2)I wish that if we did talk about my baby and I cried you didn't think it was because you have hurt me by mentioning him. The truth is I need to cry and talk about my baby with you. Crying and emotional outbursts help me heal.
3)I wish that you could talk about my baby more than once. The truth is if you do, it reassures me that you haven't forgotten him and that you do care and understand.
4)I wish you wouldn't think that I don't want to talk about my baby. The truth is that I love my baby and need to talk about him.
5)I wish you could tell me you are sorry my baby has died and that you are thinking of me. The truth is it tells me you care.
6)I wish you wouldn't think what has happened is one big bad memory for me. The truth is the memory of my baby, the love I feel for my baby, the dreams I had and the memories I have created for my baby are all loving memories. Yes, there are bad memories too but please understand that it's not all like that.
7)I wish you wouldn't pretend that my baby never existed. The truth is we both know I had a baby growing inside of me.
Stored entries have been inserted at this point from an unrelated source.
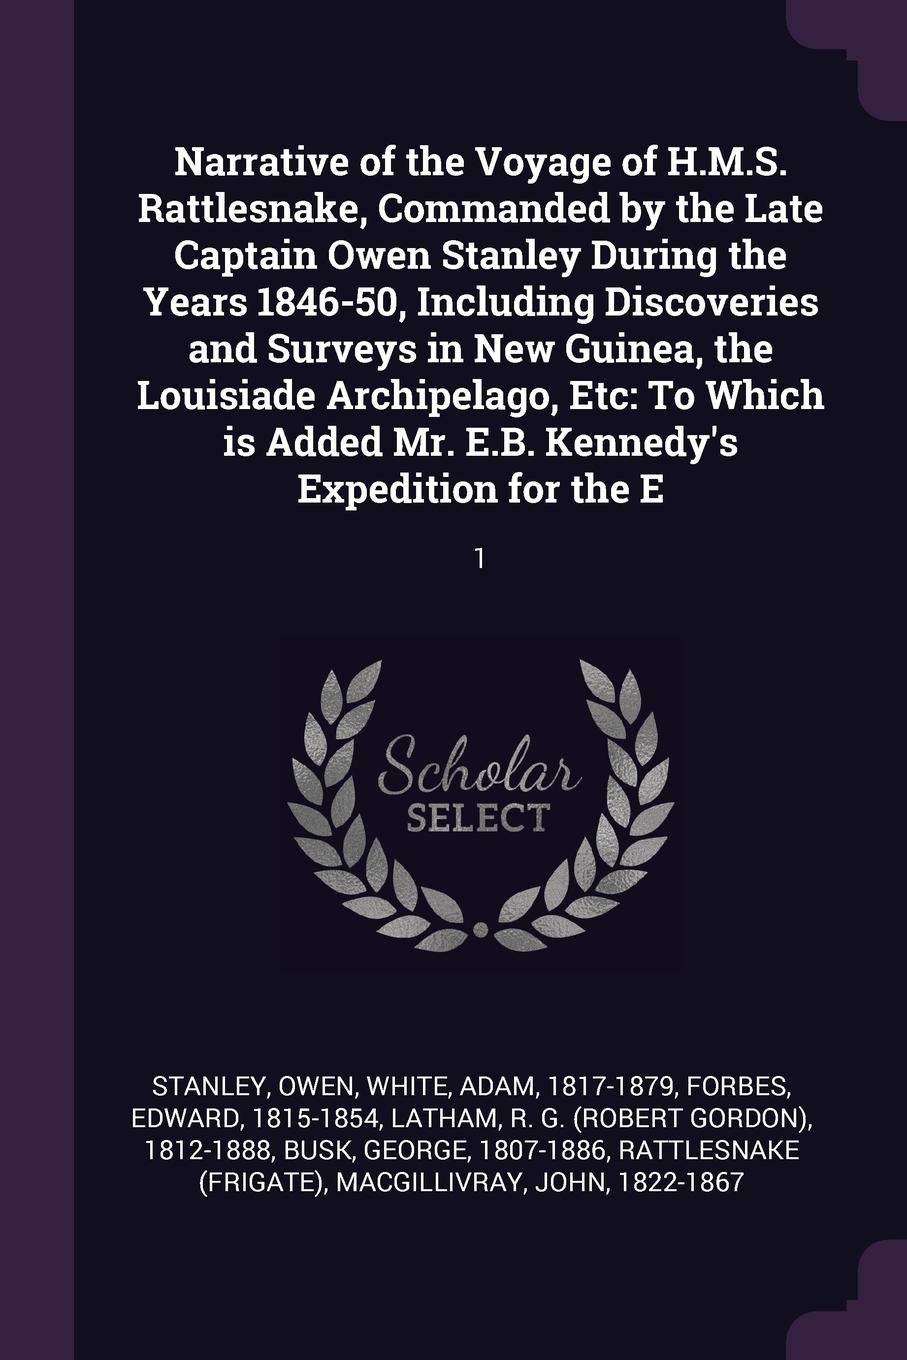 Narrative of the Voyage of H.M.S. Rattlesnake, Commanded by the Late Captain Owen Stanley During the Years 1846-50, Including Discoveries and Surveys in New Guinea, the Louisiade Archipelago, Etc. To Which is Added Mr. E.B. Kennedy`s Expedition fo...
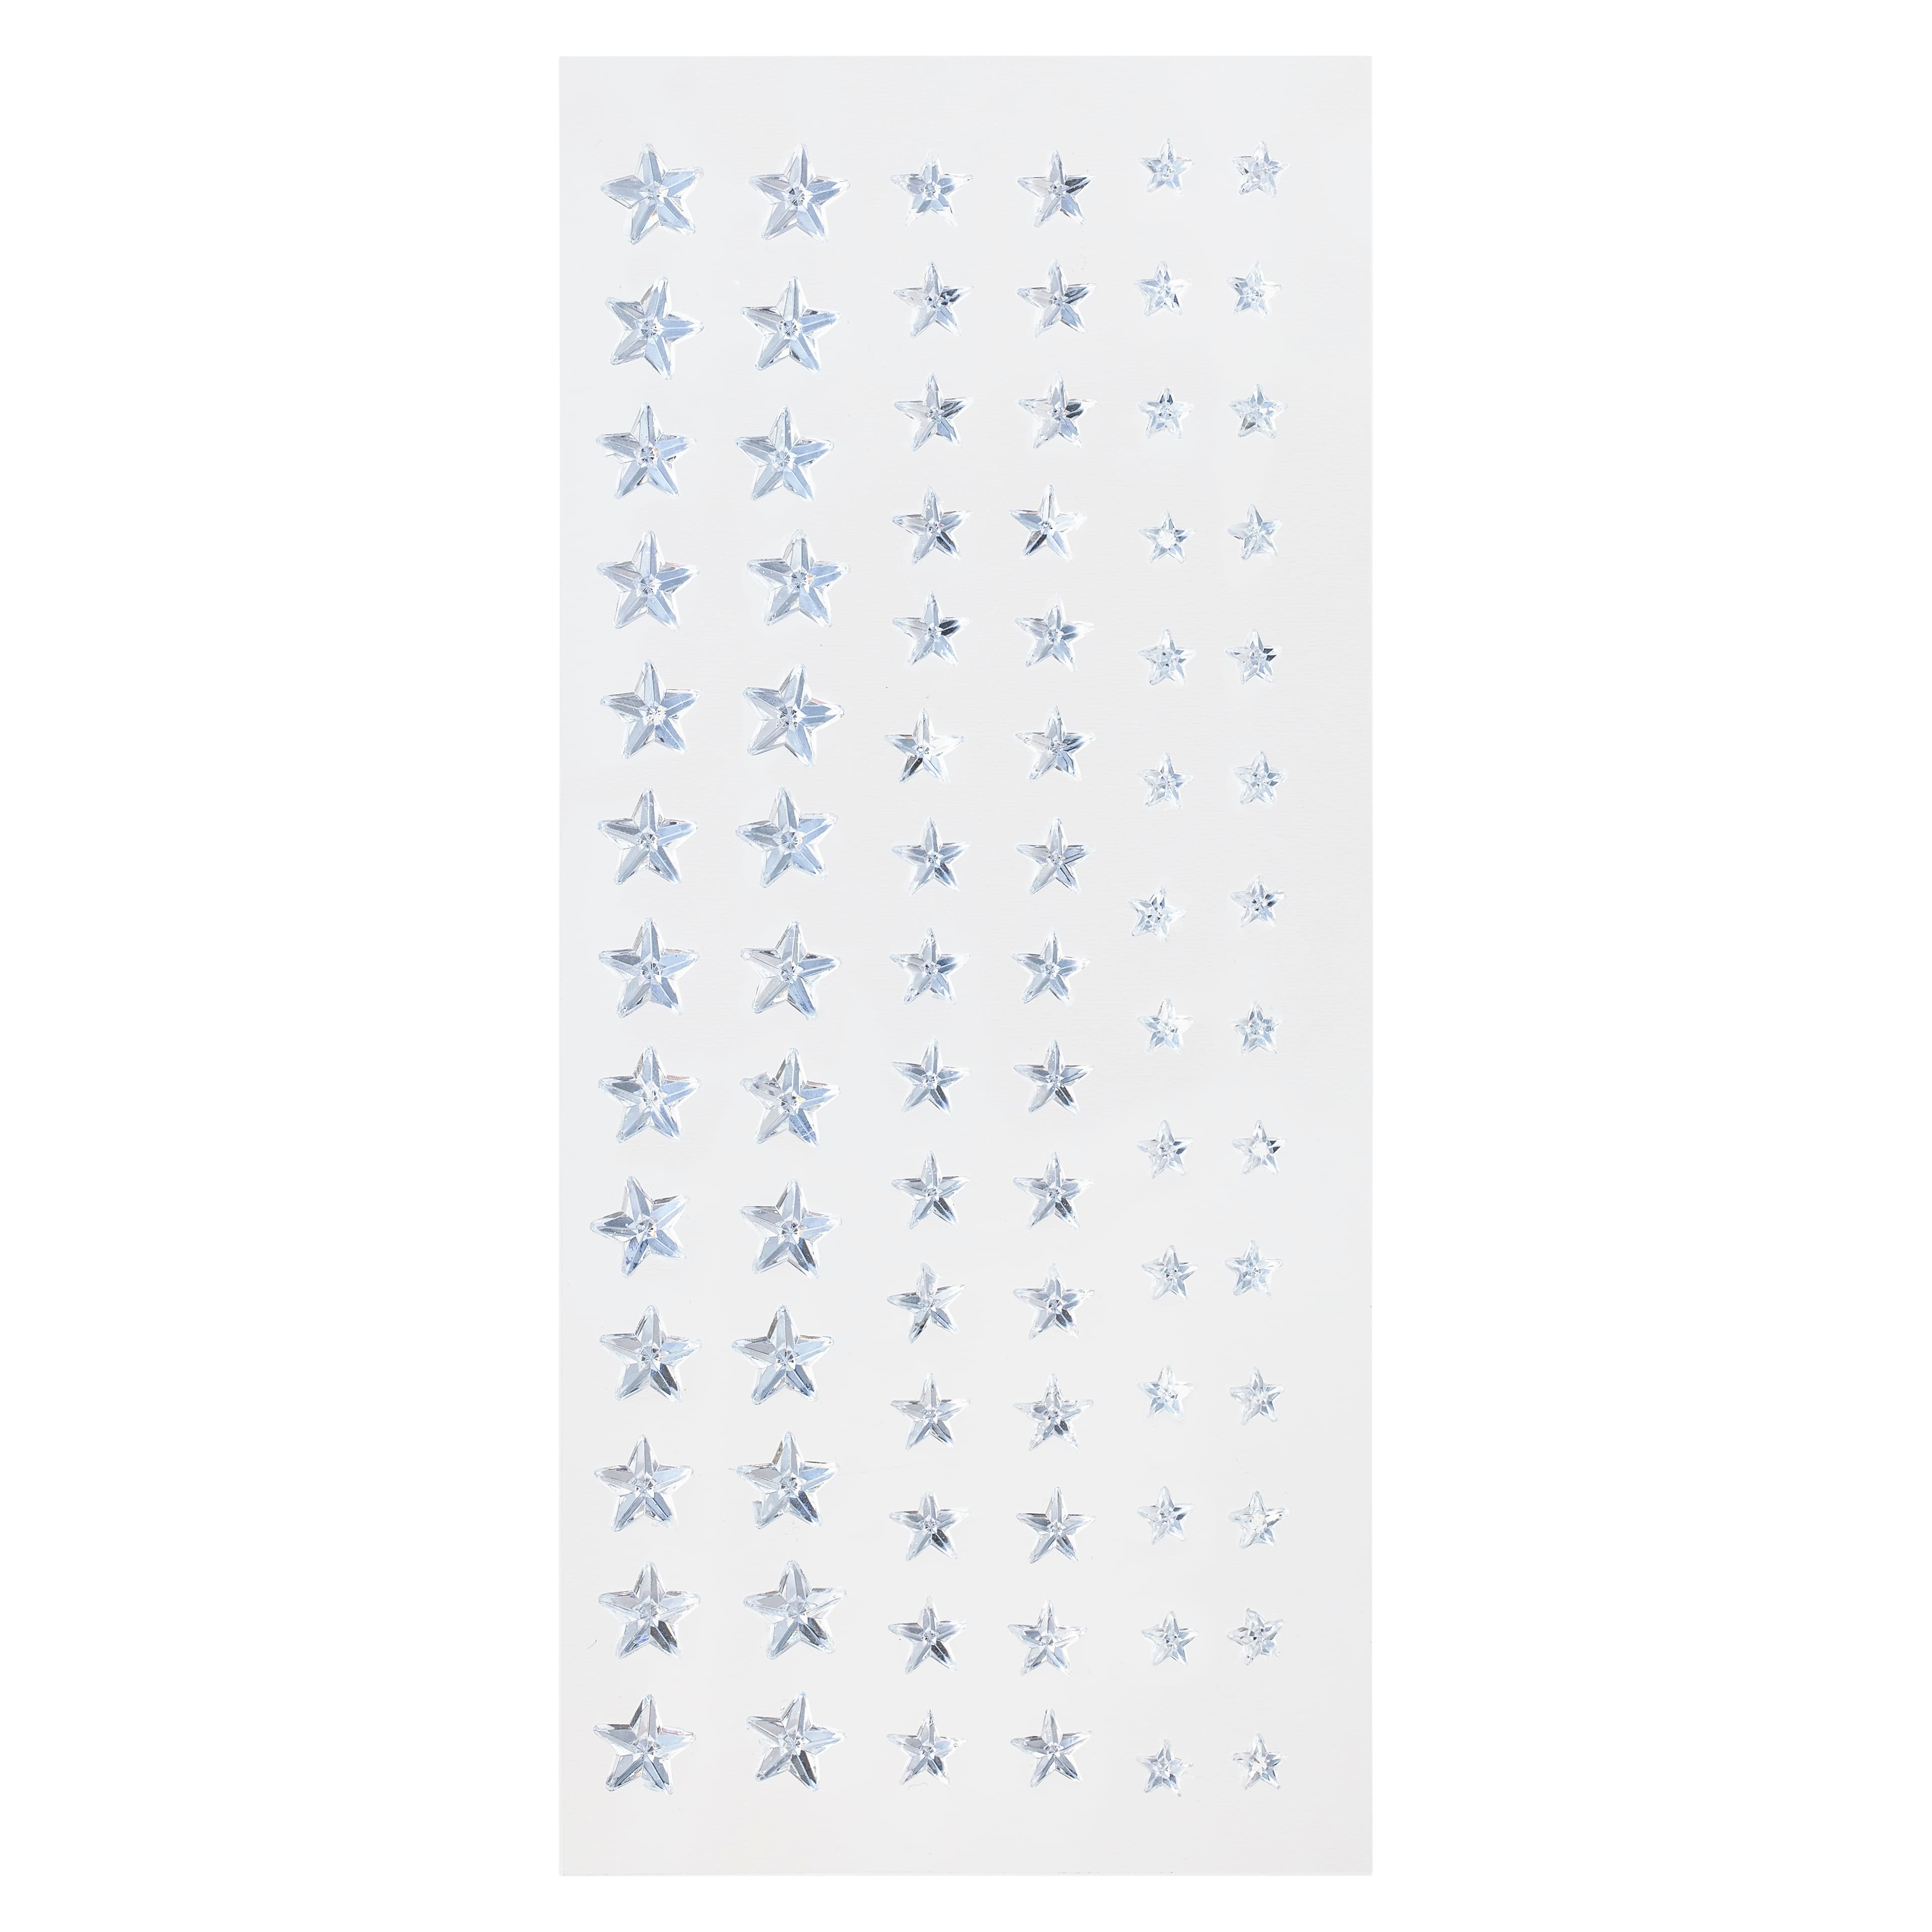 Gold Glitter Star Stickers by Recollections™, Michaels
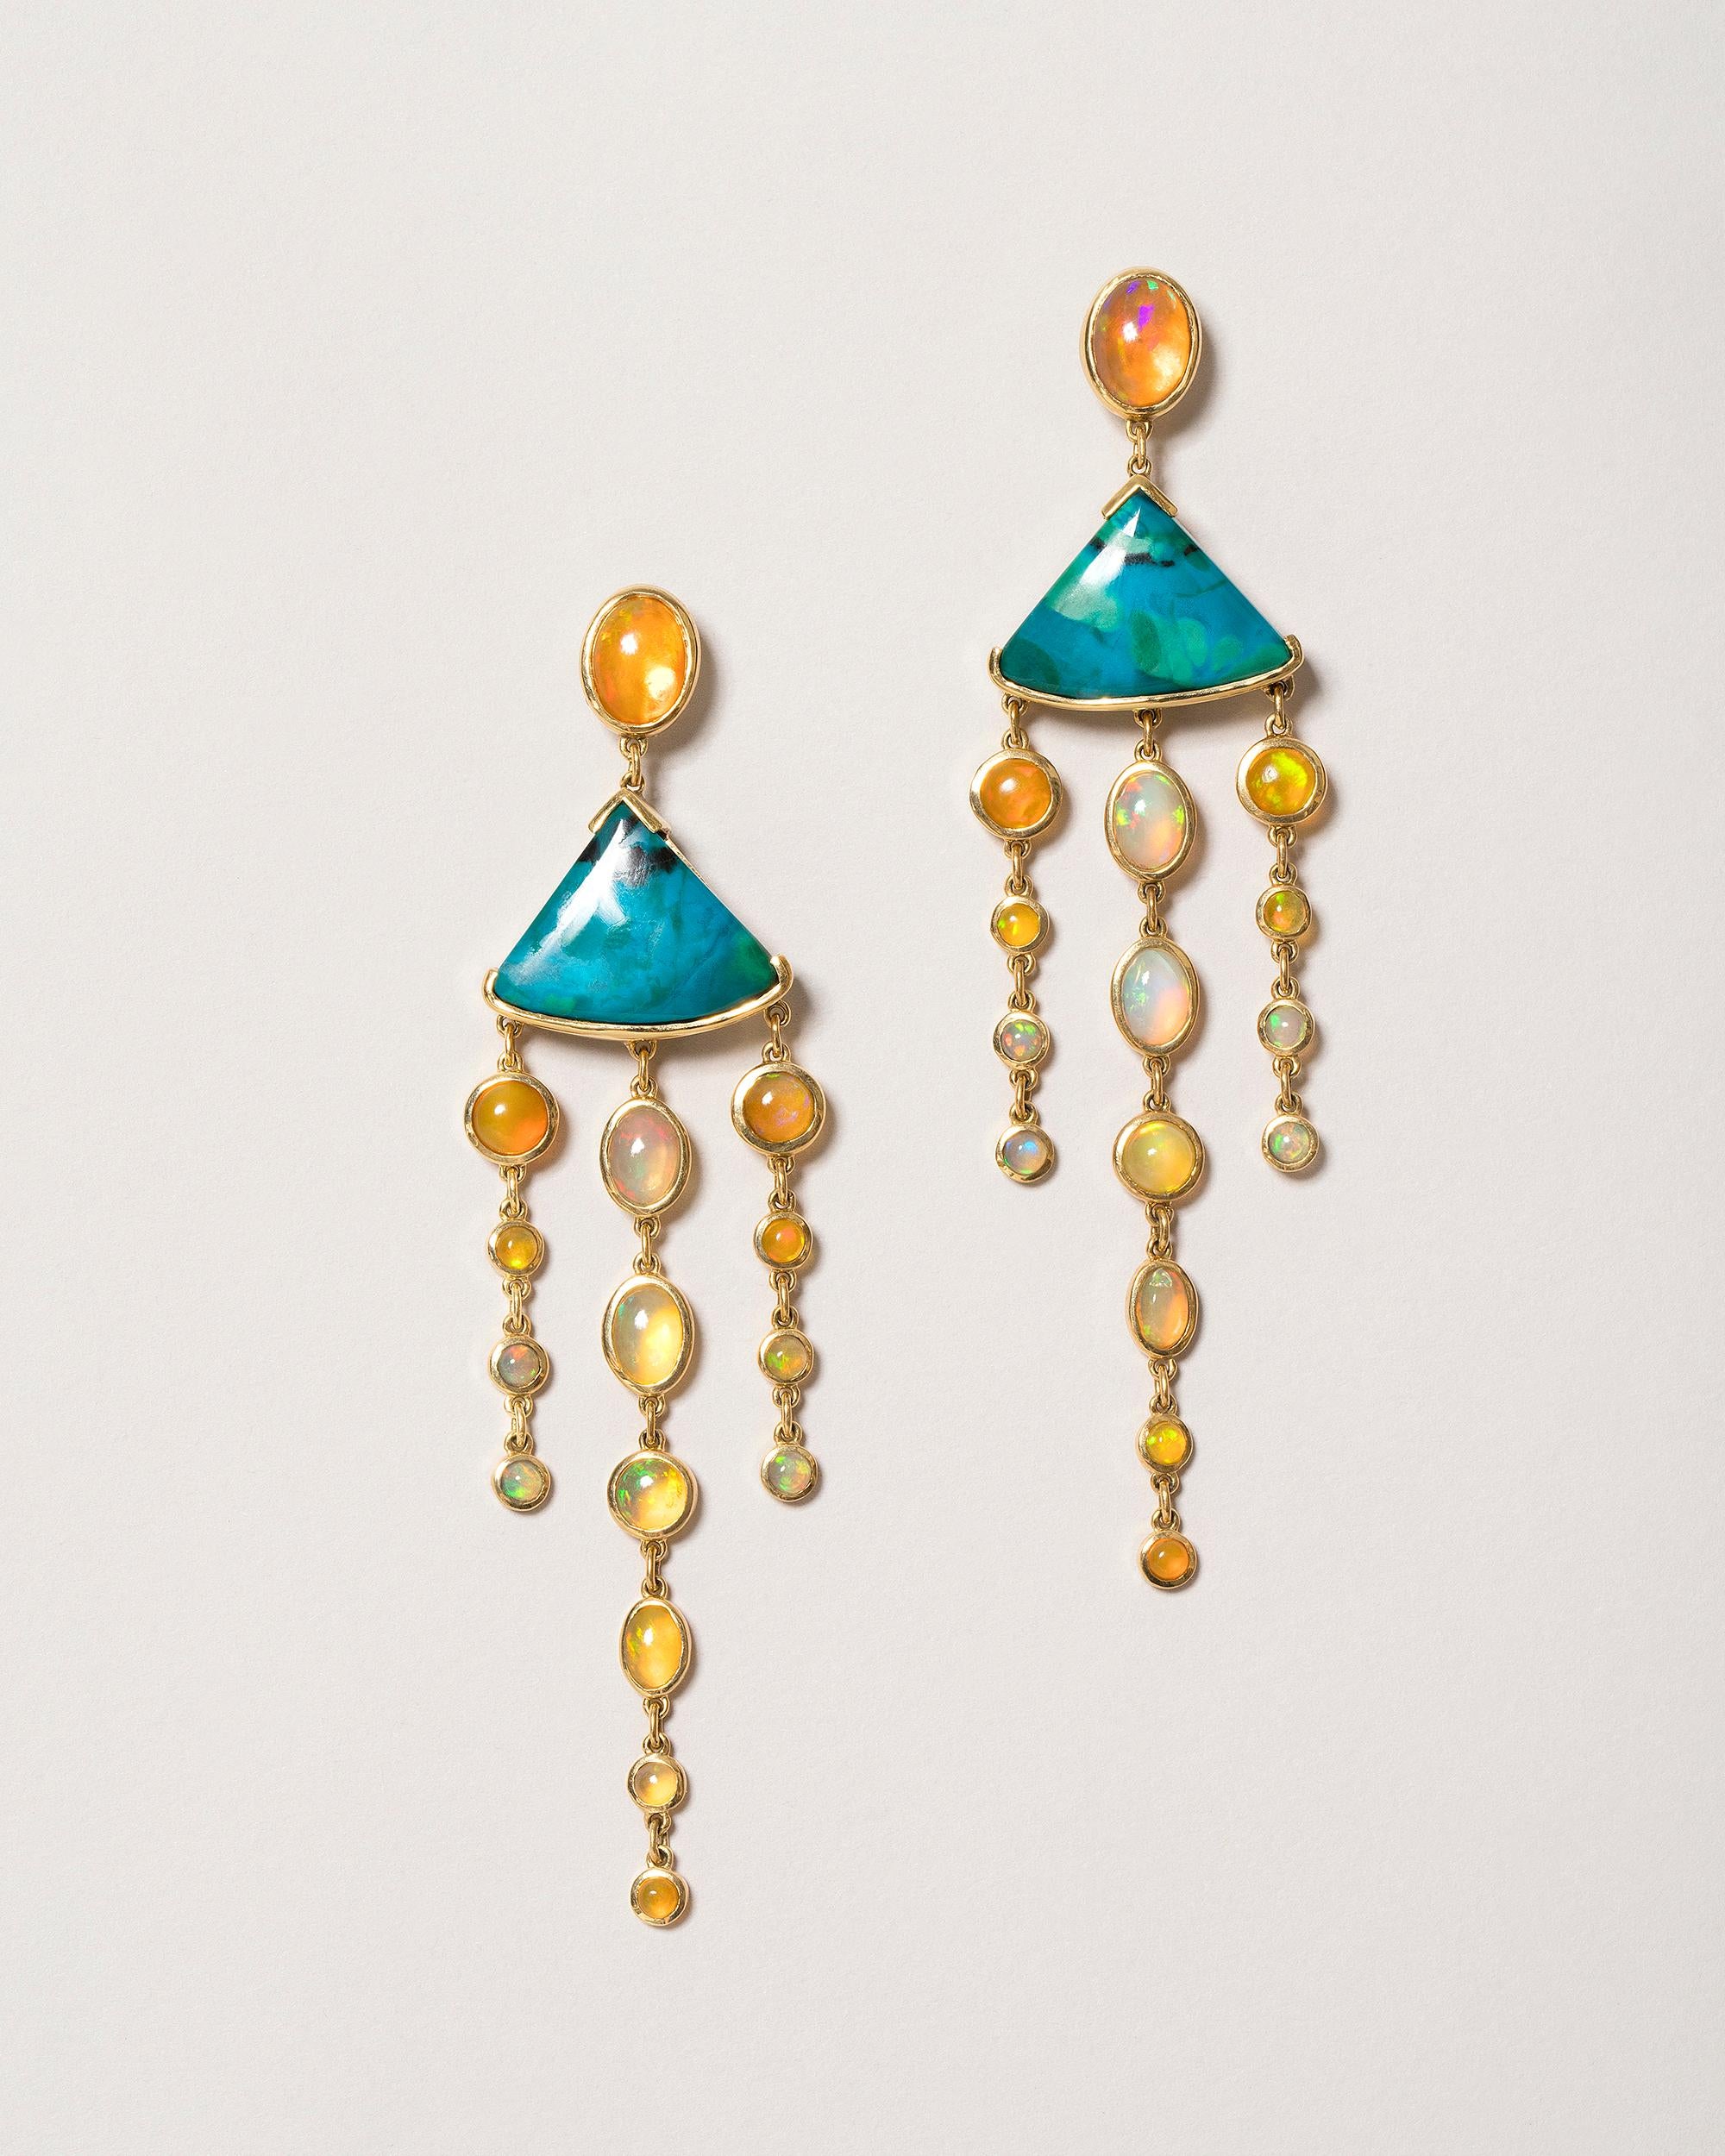 One of a kind earrings
2 chrysocolla cabochons have a total gem weight of 15.03ct

30 Ethiopian opals have a total gem weight of 8.58ct

Set in 18k yellow gold

8)I wish you wouldn't judge me because I am not acting the way you think I should be. The truth is grief is a very personal thing and we are all different people who deal with things differently.
9)I wish you wouldn't think if I have a good day I'm "over it" or if I have a bad day I am being unreasonable because you think I should be over it. The truth is there is no "normal" way for me to act.
10)I wish you wouldn't stay away from me. The truth is losing my baby doesn't mean I'm contagious. By staying away you make me feel isolated, confused and like it's my fault.
11) I wish you wouldn't expect my grief to be "over and done with" in a few weeks, months, or years for that matter. The truth is that it may get easier with time but I will never be "over this".
12) I wish you wouldn't think that my baby wasn't a real baby and it was blood and tissue or a fetus. The truth is my baby was a human life. He had a soul, heart, body, legs, arms and face. I have seen my baby's body and face. My baby was a real person.
13) My baby's birthday, Mothers Day, celebration times, the day my baby died and the day my baby was delivered are all important and sad days for me. The truth is I wish you could tell me by words or by letter you are thinking of me on these days.
14)I wish you would understand that losing my baby has changed me. The truth is I am not the same person I was before and will never be that person again. If you keep waiting for me to get back to "normal" you will stay frustrated. I am a new person with new thoughts, dreams, beliefs and values. Please try to get to know the real me --- maybe you'll still like me.
15) I wish you wouldn't tell me to have another baby. The truth is that I want the baby I lost and no other baby can replace him. Babies aren't interchangeable.
16) I wish you wouldn't feel awkward or uncomfortable talking about my baby or being near me. When you do, I can see it. The truth is it's not fair to make me feel uncomfortable just because you do.
17) I wish you wouldn't think that you'll keep away because all my friends and family will be there for me. The truth is, everyone thinks the same thing and I am often left with no one.
18) I wish you would understand that being around pregnant women is uncomfortable for me.*
19)I wish you wouldn't say that it's natures way of telling me something was wrong with my baby. The truth is my baby was perfect to me no matter what you think nature is saying.